Time is a portion of cost, not just cash.

[1] Perhaps even unknowable, since, if the output isn't consumed, it's all potential value.

thomasknowles · on Oct 5, 2010

I'm a huge Splunk user and I agree with it's price tag it would make it very difficult to justify the costs against the gains when you're operating a small and tight ship. However, I would be very interested in the tools that they use to analyse their data. Obviously they could use a series of grep/awk scripts to pull out the data in key value pairs but what do they do with it after that?

mmt · on Oct 6, 2010

I have karma to burn[1], but I'm embarrassed and ashamed that pointed advice gets downvoted (with no discussion) while a platitude is upvoted.

This is an example of why Startup School speakers censor themselves: we bring it upon ourselves.

[1] Especially since it's not meaningful.

kvs · on Oct 5, 2010

Has anyone tried Facebook Scribe?

thwarted · on Oct 6, 2010

Yes, and it works pretty solidly.

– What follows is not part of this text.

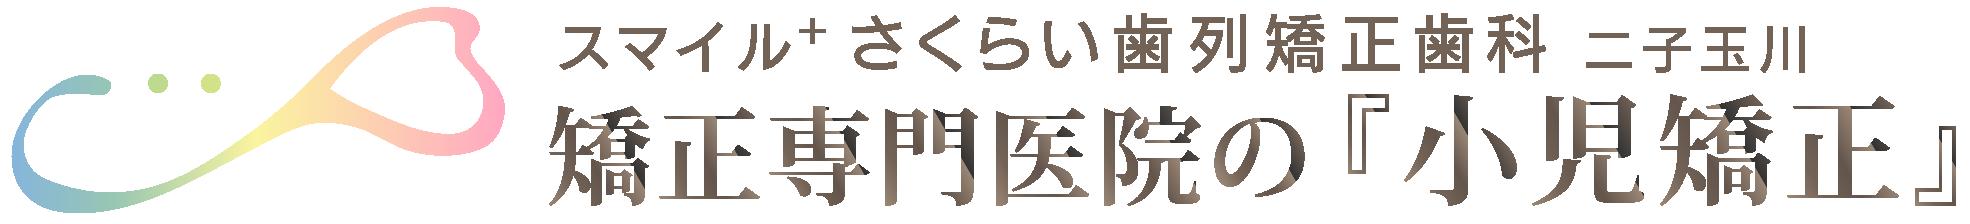 世田谷 二子玉川 小児矯正|『子供の歯並び専門サイト』

We used to use syslog-ng, writing to named pipes, but you have to be sure that there is something reading from the pipe before you start writing to it, otherwise it blocks. You don't really want to use the syslog protocol (via the syslog(3) library call) for random logging because you may end up hitting the upper bounds of the log lines. I wanted to use rsyslog, mainly for the local buffering, but it ONLY seems to support the syslog format/protocol, including prefixing all lines with a date and time and a hostname.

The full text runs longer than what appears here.